Now let's try it on clinical notes. Below we have an excerpt of a doctor's notes for a patient with an abnormal echocardiogram (this sample is taken from [here](https://www.mtsamples.com/site/pages/sample.asp?Type=6-Cardiovascular%20/%20Pulmonary&Sample=1597-Abnormal%20Echocardiogram))

In [None]:
passage = "Abnormal echocardiogram findings and followup. Shortness of breath, congestive heart failure, \
           and valvular insufficiency. The patient complains of shortness of breath, which is worsening. \
           The patient underwent an echocardiogram, which shows severe mitral regurgitation and also large \
           pleural effusion. The patient is an 86-year-old female admitted for evaluation of abdominal pain \
           and bloody stools. The patient has colitis and also diverticulitis, undergoing treatment. \
           During the hospitalization, the patient complains of shortness of breath, which is worsening. \
           The patient underwent an echocardiogram, which shows severe mitral regurgitation and also large \
           pleural effusion. This consultation is for further evaluation in this regard.

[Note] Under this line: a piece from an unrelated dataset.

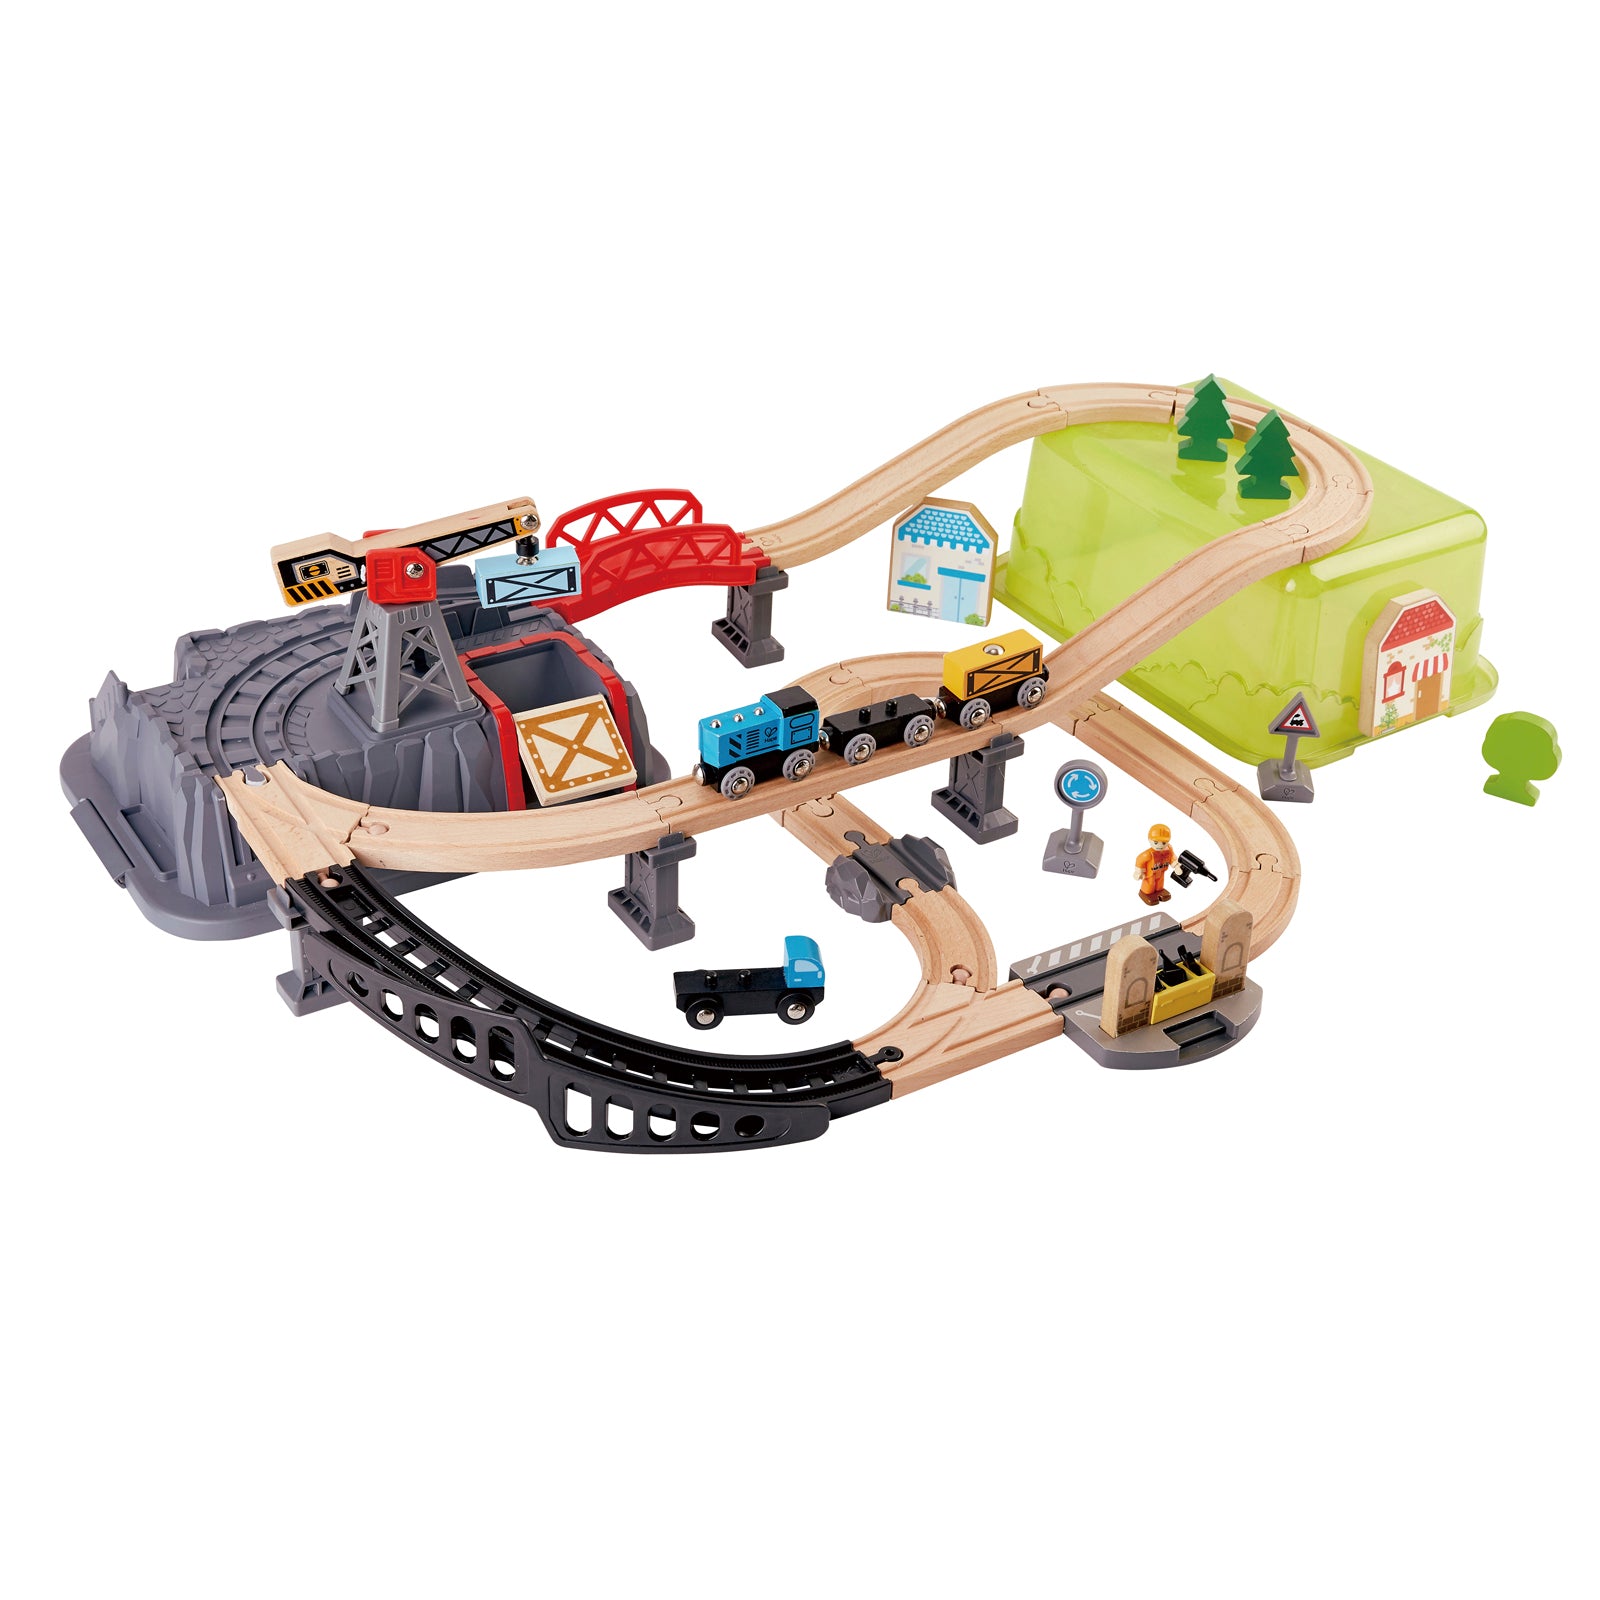 Wooden train tracks set up on green and gray storage bins. Blue engine pulling two train cars on tracks.

As per the patient, \
           she is an 86-year-old female, has limited activity level. She has been having shortness of breath \
           for many years. She also was told that she has a heart murmur, which was not followed through \
           on a regular basis."

q1 = "How old is the patient?"
q2 = "Does the patient have any complaints?"
q3 = "What is the reason for this consultation?"
q4 = "What does her echocardiogram show?"
q5 = "What other symptoms does the patient have?"

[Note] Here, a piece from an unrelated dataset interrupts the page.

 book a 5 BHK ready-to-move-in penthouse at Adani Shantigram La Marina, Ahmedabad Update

questions = [q1, q2, q3, q4, q5]

for i, q in enumerate(questions):
    print("Question {}: {}".format(i+1, q))
    print()
    print("Answer: {}".format(get_model_answer(model, q, passage, tokenizer)))
    print()
    print()

### Output:

Question 1: How old is the patient?

Answer: 86


Question 2: Does the patient have any complaints?

Answer: The patient complains of shortness of breath


Question 3: What is the reason for this consultation?

Answer: further evaluation


Question 4: What does her echocardiogram show?

Answer: severe mitral regurgitation and also large pleural effusion


Question 5: What other symptoms does the patient have?

Answer: colitis and also diverticulitis




Even without fine-tuning, the model is able to reasonably answer most of the questions! Of course, it isn't perfect (it doesn't give much detail). To improve performance, we would ideally collect a medical QA dataset and fine tune the model.